6. Other Call Control Issues

6.1 Transparent feature interaction

   Combinations of features must work in SIP call control.  For
   example, let us examine the combination of a transfer of a call
   which is conferenced.

   Alice calls Bob.  Alice silently "conferences in" her robotic
   assistant Albert as a hidden party.  Bob transfers Alice to Carol.
   If Bob asks Alice to Replace her leg with a new one to Carol then
   both Alice and Albert should be communicating with Carol
   (transparently).

   Using the peer-to-peer model, this combination of features works
   fine if A is doing local mixing (Alice replaces Bob's call-leg with
   Carol's), or if A is using a central mixer (the mixer replaces Bob's
   call leg with Carol's).  A clever implementation using the 3pcc
   model can generate similar results.

   New extensions to the SIP Call Control Framework should attempt to
   preserve this property.

6.2 Presenting information to the user or application

   Participants should have access to the names of the other
   participants in a conversation space, so that this information can
   be rendered to a human user or processed by an automaton.  Although
   some of this information may be available from To, From, Remote-
   Party-Id, or other SIP headers, another mechanism of reporting this
   information may be necessary.  [The author believes that the data
   reported by RTCP is insufficient for these purposes.]

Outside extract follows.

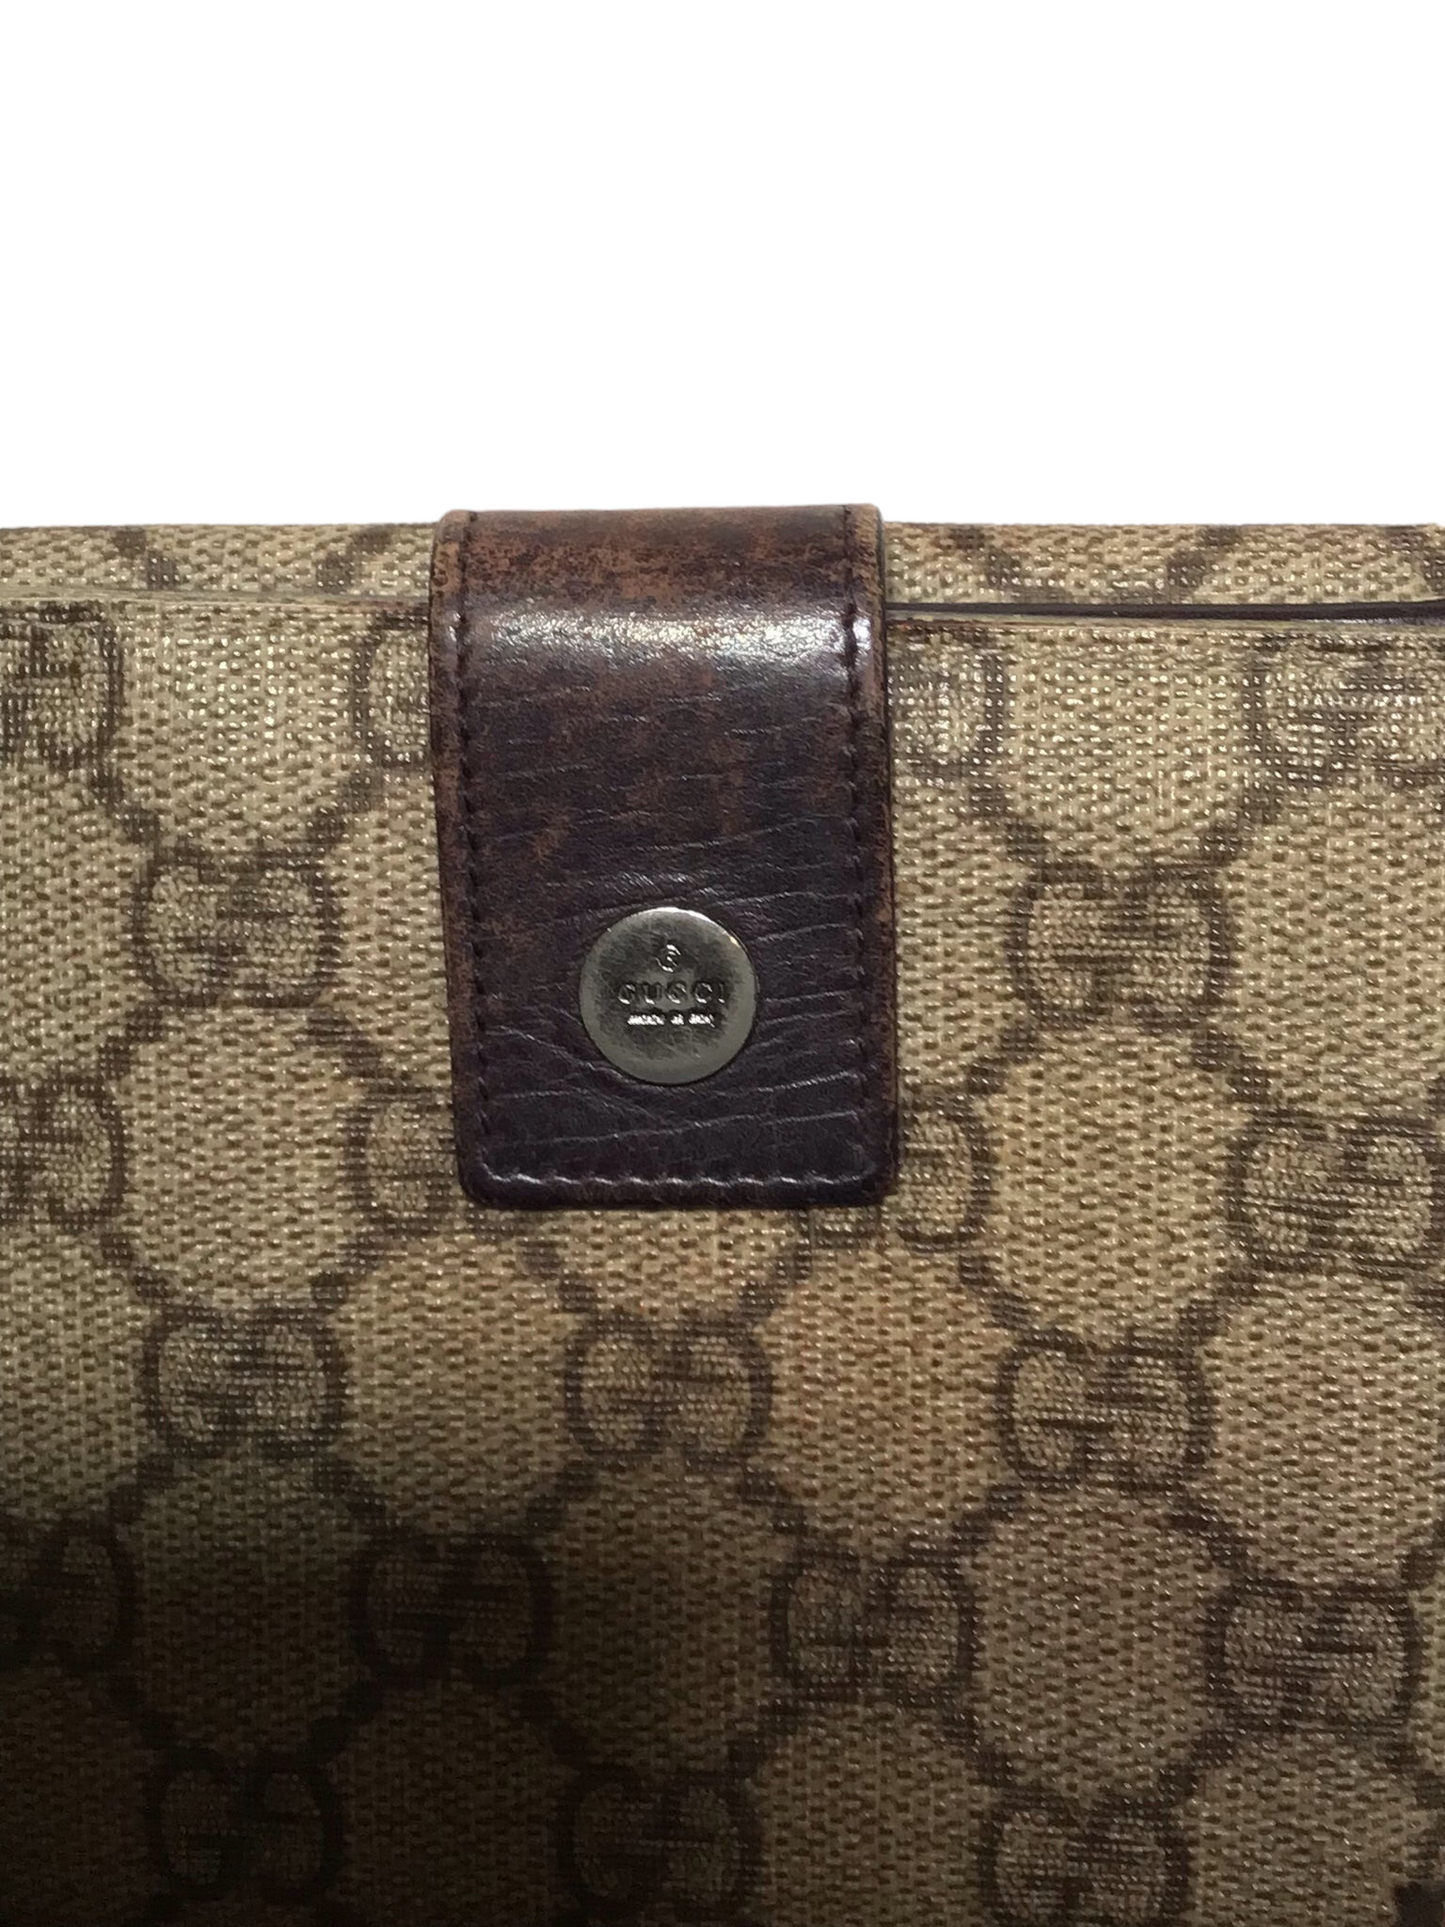 Gucci Monogram Purse/Wallet

   For example, a mixer involved in a conversation space may wish to
   provide URLs for conference status, and/or conference/floor control.

6.3 Use of different mixing models

   Several conferencing models are discussed in [conf-models].  For
   brevity, only the two most popular conferencing models are
 Mahy                     Expires: Jan 2002                         8

                      Call Control Model for SIP


   significantly discussed in this document (local and centralized
   mixing).  Applications of the conversation spaces model to
   distributed full mesh and multicast conferences are left as an
   exercise for the reader.
   Note that a distributed full mesh conference can be used for basic
   conferences, but does not allow for more complex conferencing
   actions like splitting, joining, and forking.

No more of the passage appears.